4. The method according to claim 1, wherein the minimum unit of the detected text to be processed is an item, and the item is one or more continuous characters, and the item is in the following manner in the computer system Arrangement: All items are stored in a hash table, each item is a keyword, and each item corresponds to a file list, all files or file codes containing the item are stored in the file list, and the file list uses Hash table organization, the file code is the keyword; each file or file code in the file list corresponds to a queue, which stores all occurrences of the item in the file, and the positions in the queue are arranged in an orderly manner.

5. The method according to claim 1, wherein the queue of suspected plagiarism is an ordered sequence composed of a plurality of items, and the ordered sequence has the following characteristics:

1) All items in the ordered sequence appear in the same text;

2) The order of any two items in an ordered sequence is determined by their order of appearance in a text;

3) Any two adjacent items in the ordered sequence have similar positions in a text.

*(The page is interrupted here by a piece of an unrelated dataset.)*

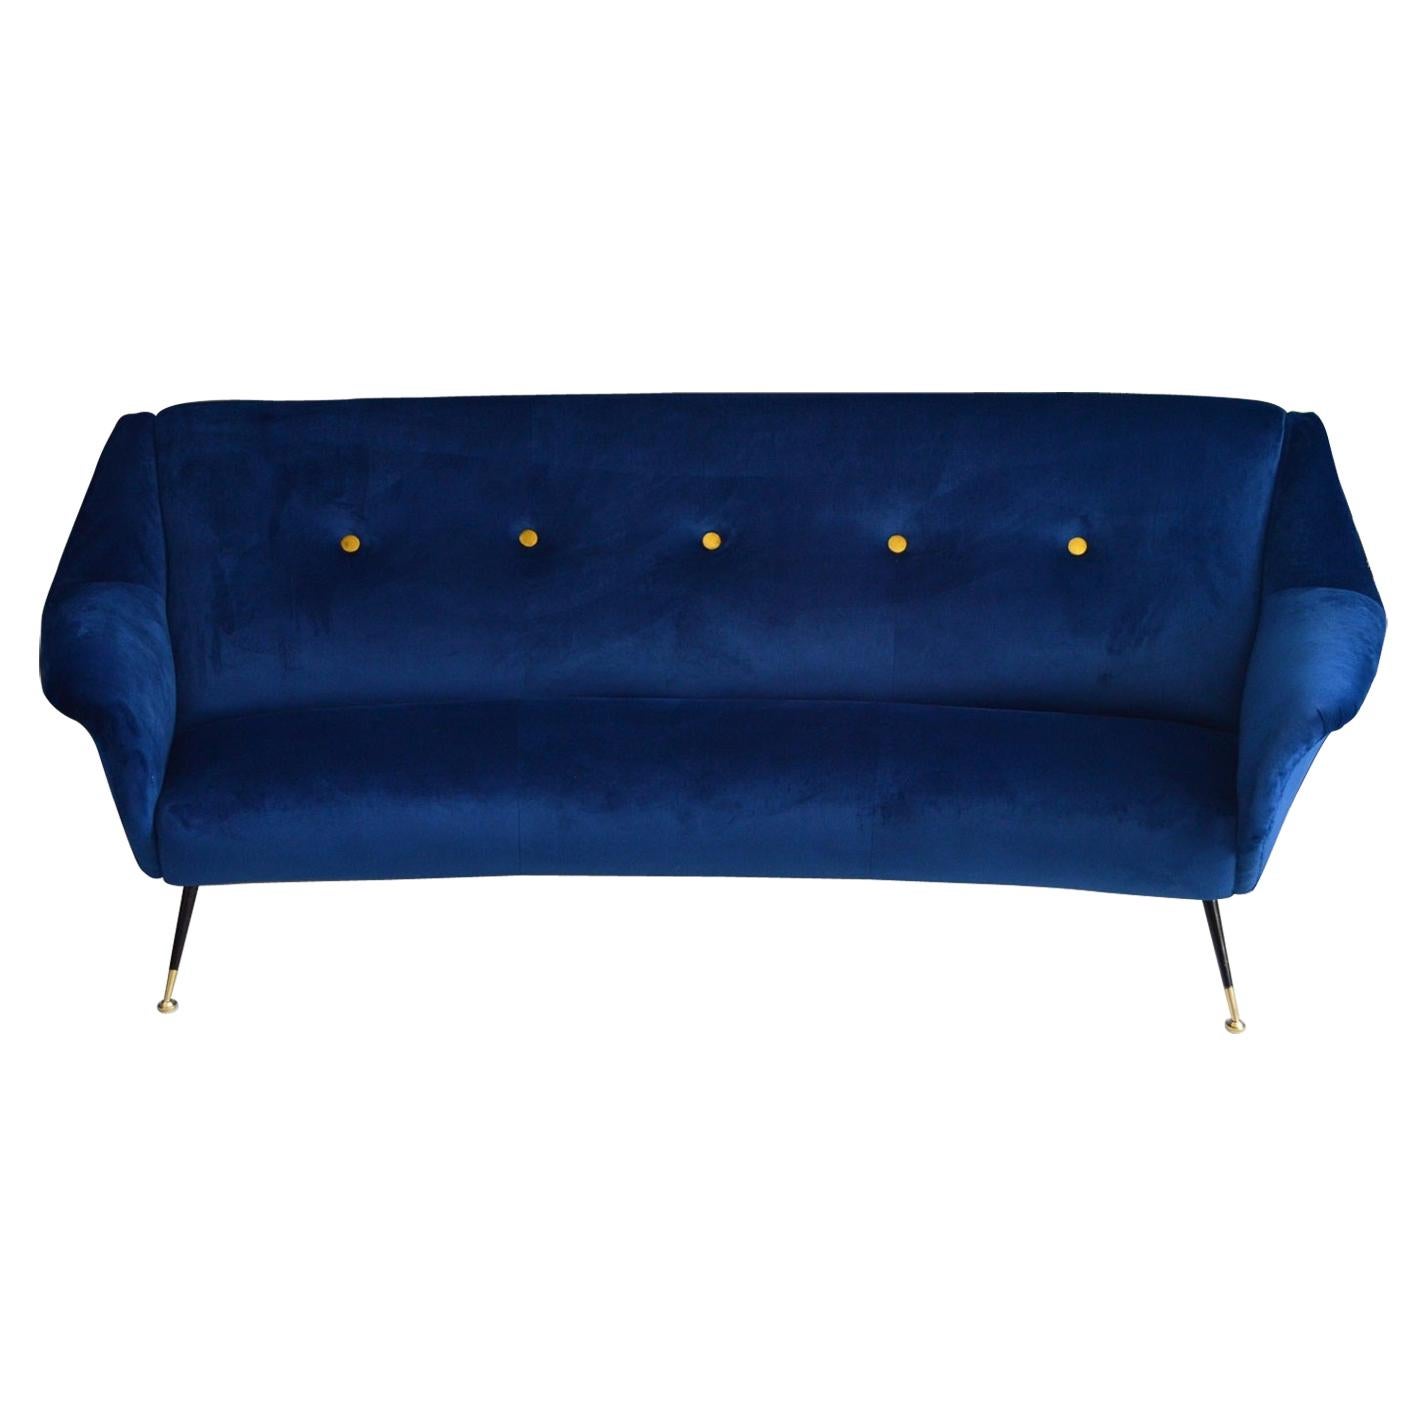 Italian Midcentury Curved Sofa in Blue Velvet, 1950s
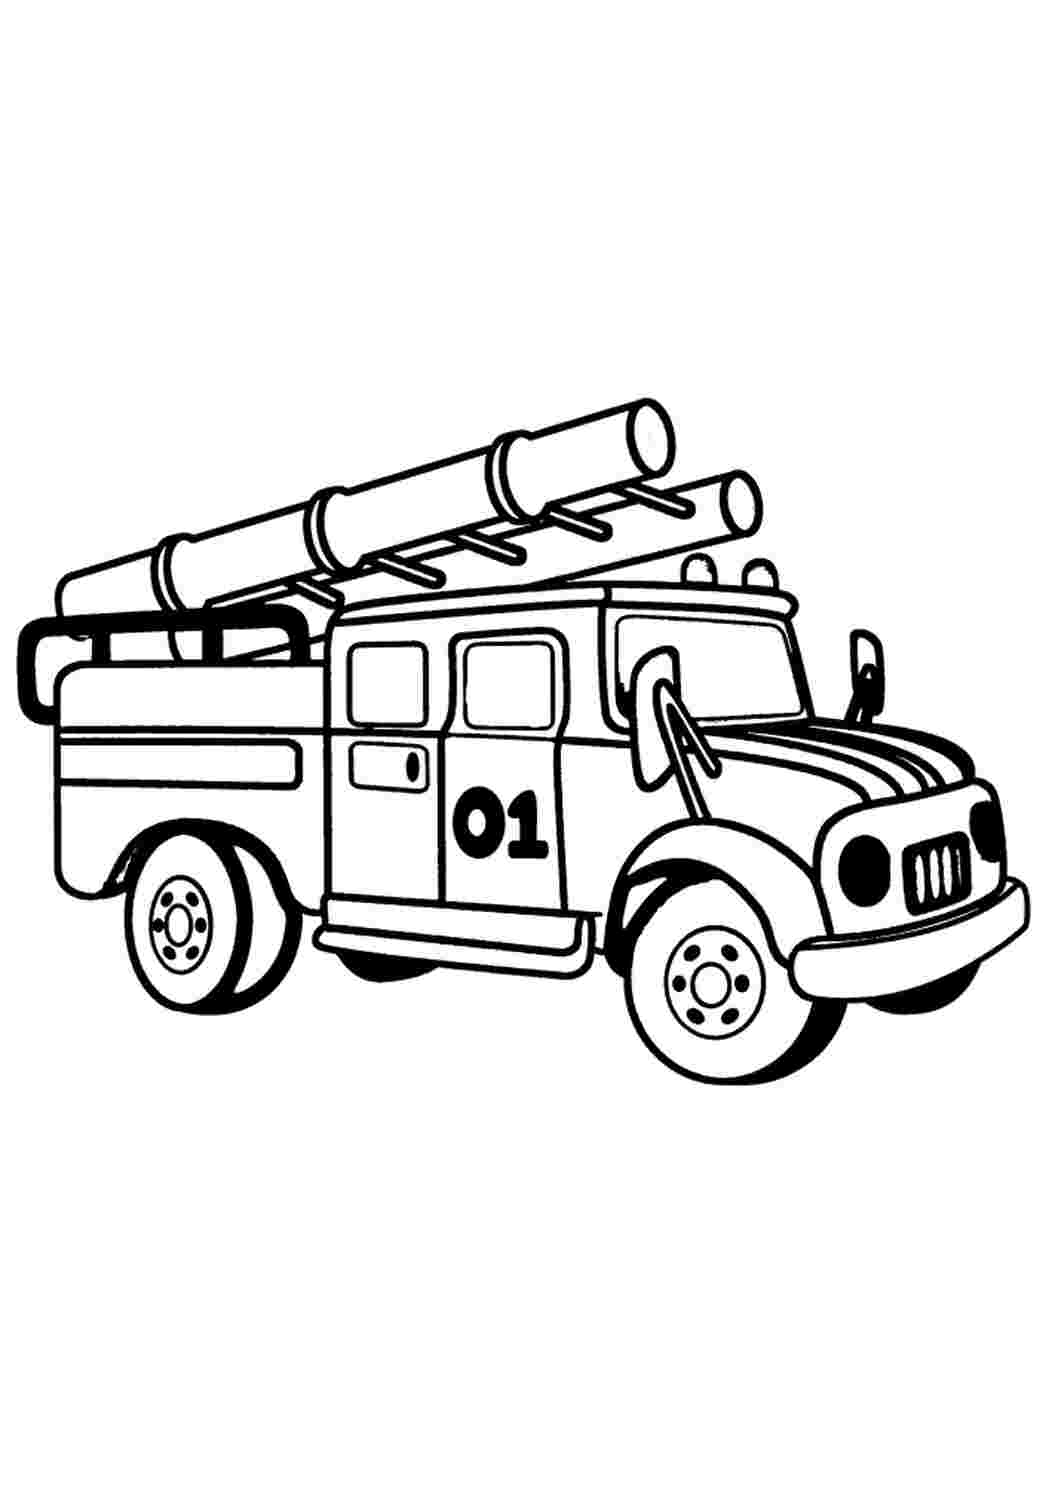 Раскраски Пожарная машина. Распечатать для детей

6. The method according to claim 1, wherein the process of generating a queue of suspected plagiarism is carried out in the following steps:

1) After the electronic text to be detected is cleaned, the sequence of items to be detected is obtained;

2) The items in the sequence of items to be detected are sequentially mapped to the known item table;

3) If the known text corresponding to the corresponding item in the known item table is not empty, put the item and its position in the known text into the suspected plagiarism queue;

4) If the newly placed item in the queue of suspected plagiarism is not close to the position of the previous item in the queue, a new queue of suspected plagiarism is generated, otherwise, the original queue of suspected plagiarism is continued;

5) Repeat steps 2) to 4) above until the sequence of items to be detected is processed.

7. The method according to claim 1, characterized in that, the process of obtaining the plagiarism evidence table is carried out in the following steps:

1) For each item in the suspected plagiarism queue, take out its position queue in the known text;

2) For each position in the position queue, determine whether it falls within or outside a certain similar interval;

3) If there is no similar interval at present, a similar interval is formed with the current position as the starting and ending position, and stored in the current identical queue;

4) If the current position is within the same interval, then go to step 7);

5) If the current position is outside the identical interval and is close to the start and end positions of the identical interval, then expand the identical interval;

6) If the current position is outside the same interval and is not close to the start and end positions of the same interval, then use the current position as the start and end positions to form an identical interval and store it in the current identical queue;

7) If the similarity interval is long enough, it will be directly stored in the plagiarism evidence table and deleted from the current similarity queue;

8) Repeat steps 1) to 7) above until the suspected plagiarism queue is processed.

8. The method according to claim 1, wherein said process of judging plagiarism of text comprises the following steps:

1) read in the detected text pair;

2) Look up the detected text in the evidence table and denote all identical intervals as P;

3) The length of all identical intervals in the cumulative P is recorded as S;

4) Find the length of the longest identical interval in P and record it as M;

5) Calculate the ratio of S to text length and record it as R;

6) If R is greater than the specified threshold, the text pair contains plagiarism;

7) If M is greater than the specified threshold, the text pair contains plagiarism;

8) Output all similar intervals with plagiarized texts as evidence of plagiarism.

9. The method according to claim 1, wherein the output detection result includes the ratio R value of the identical text to the text length and the maximum identical segment length M value.

10. The method according to claim 1, wherein the locating plagiarized text is to output and present the text content corresponding to the interval to the user according to the same interval in the evidence table.